"Evil doesn't mean insane."
These were a prosecutor's words, which resonated with jurors who determined Jose Blas Zavala was sane when he coldly pumped two bullets into his former girlfriend, Jennifer Hernandez, killing her.
Jurors found Zavala guilty of first-degree murder for killing Hernandez last week. Before trial, he entered a dual plea of not guilty, and not guilty by reason of insanity.
The sanity phase of Zavala's trial began Monday and the jury reached its decision Wednesday.
Chief Deputy District Attorney Mark Bacciarini argued two court appointed psychologists, Andrew Neufeld and Philip Trompetter, determined Zavala was sane when he killed Hernandez, 27, in her Denver Avenue apartment on Dec. 3, 2007. Merced police believe Zavala murdered Hernandez in a jealous rage, after learning she was dating another man.
Bacciarini, who prosecuted the case with Deputy District Attorney Thomas Min, said during closing arguments that although Zavala is an evil man, he wasn't legally insane. Bacciarini said Zavala's plea was only a ploy to absolve himself of a horrific crime.
"He understood what he was doing when he shot Jennifer, he understood that it was legally and morally wrong," Bacciarini said. "I want to thank the jurors for holding him accountable for what he did."
Zavala showed no emotion as the jury's verdict was read. The courtroom gallery was nearly empty, and no one from either Zavala's or Hernandez's family was present for the hearing.
The day of the murder, the 31-year-old former Mexican army serviceman went to Hernandez's apartment, and watched the victim walk her 9-year-old daughter to a school bus stop. After Zavala went to the apartment to confront Hernandez, she informed him of a new boyfriend in her life.
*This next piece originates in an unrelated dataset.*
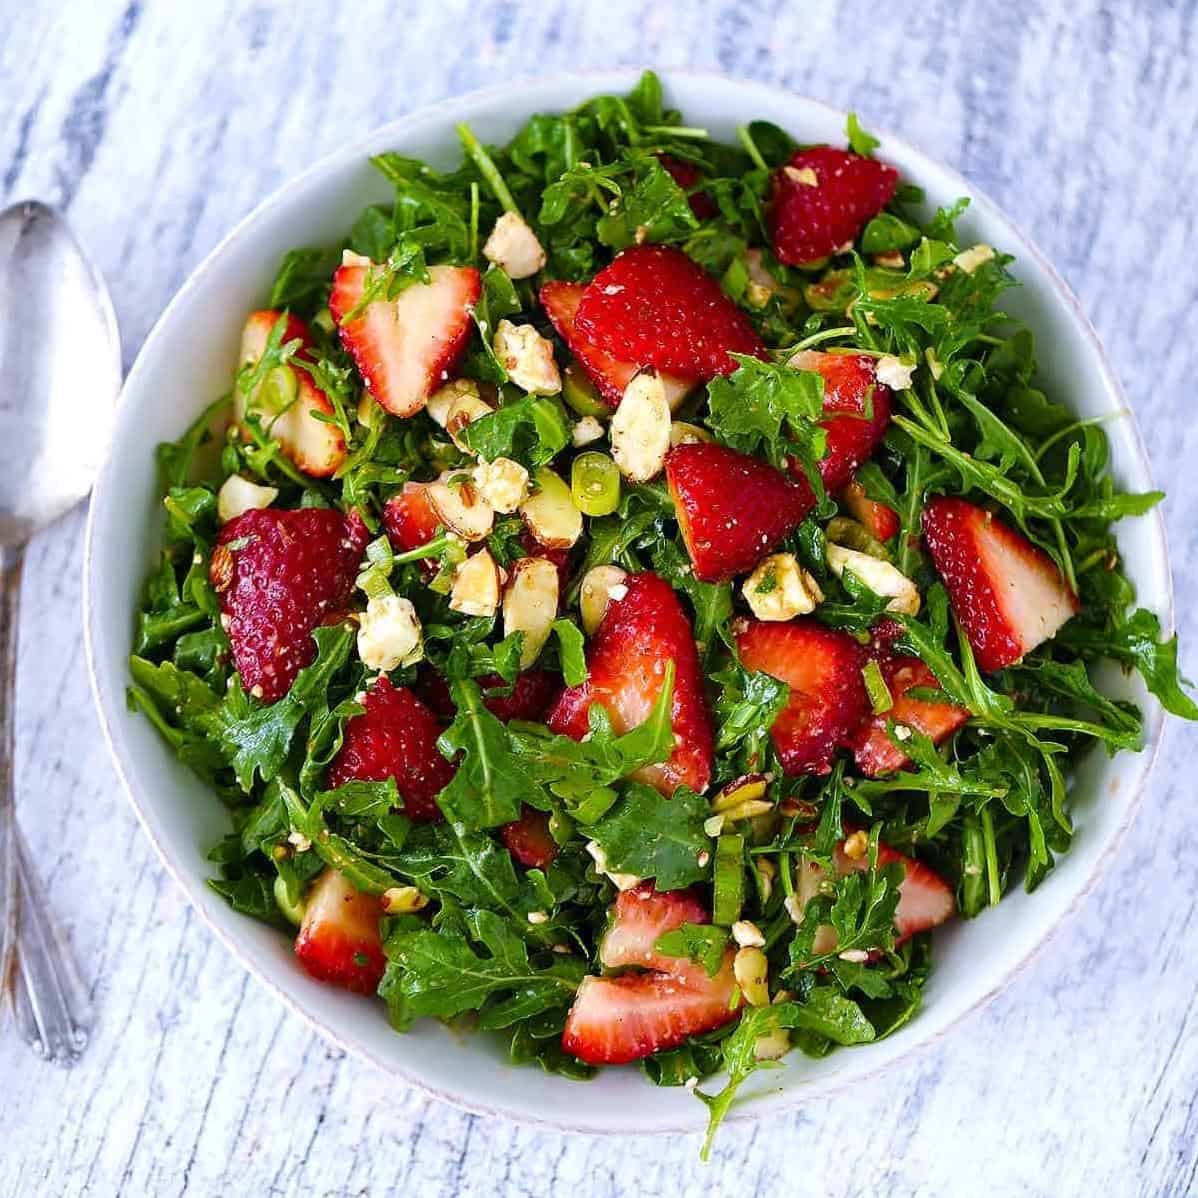  Add a pop of sweetness to your salad with the strawberry sauce.

He walked across Olive Avenue to a nearby Save Mart parking lot and retrieved a .38 caliber Smith & Wesson five-shot revolver from his car. He returned to the apartment and walked the 2-year-old son he'd fathered with Hernandez outside.
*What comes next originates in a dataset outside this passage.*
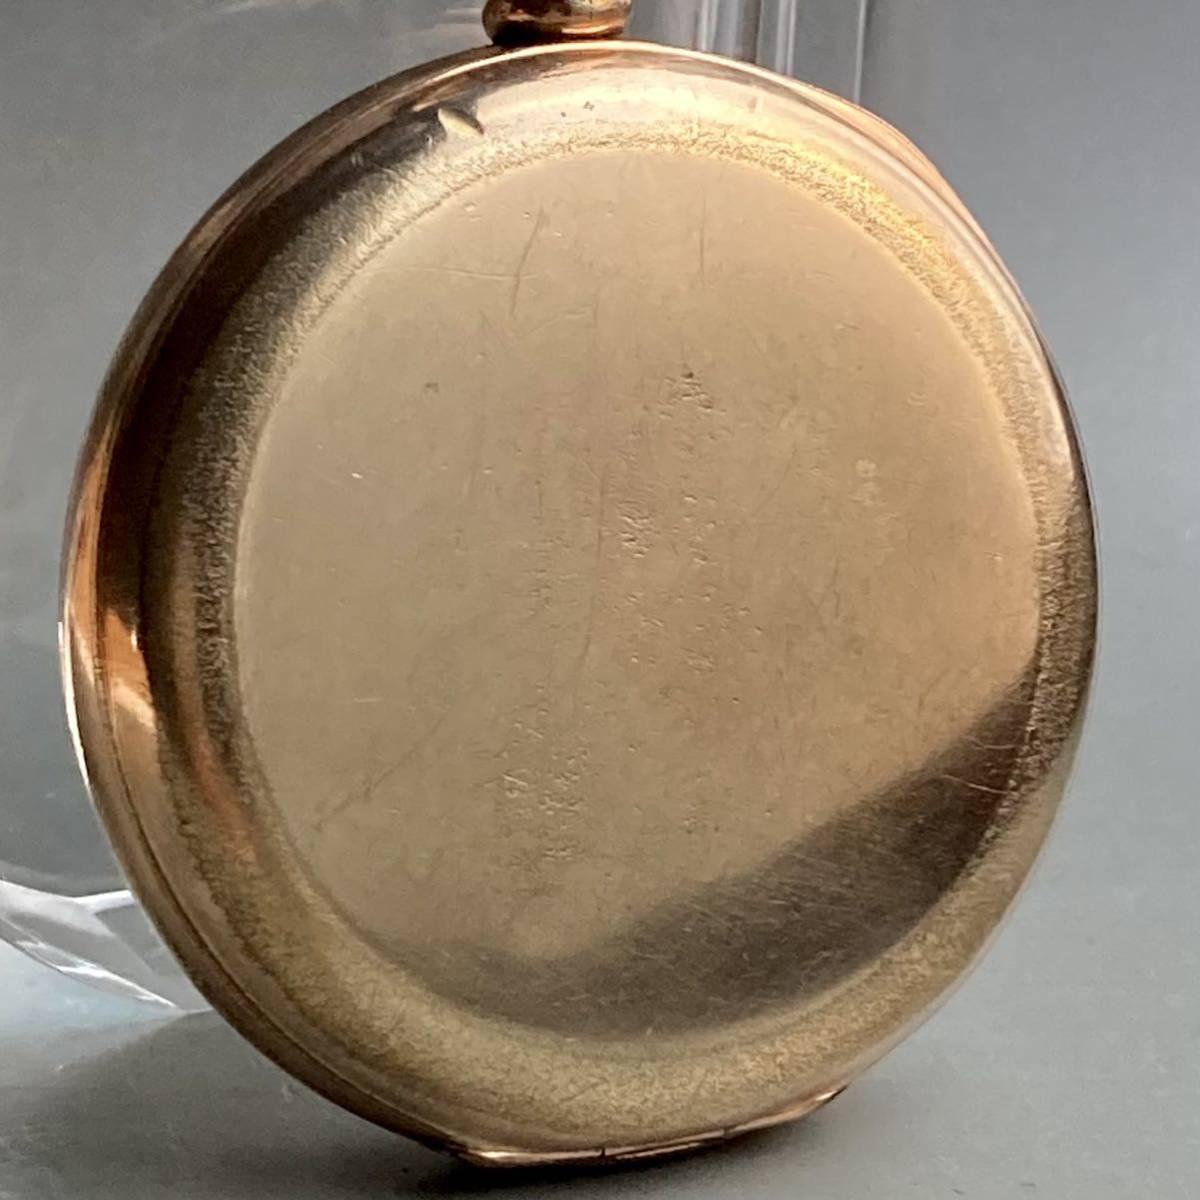 Waltham Pocket Watch Antique Manual Hunter Case Gold 49mm 16s Vintage Watch - Murphy Johnson Watches Co.

Zavala re-entered the apartment and, at point-blank range, fired up to four shots at Hernandez. Two bullets struck Hernandez, one in the back of the head, the other near her left shoulder blade. She collapsed on the floor and died.
Christopher Loethen and Paul Lyon, the deputy public defenders who represented Zavala, argued his longtime drug abuse substantially impaired his judgment -- and he was unable to tell right from wrong.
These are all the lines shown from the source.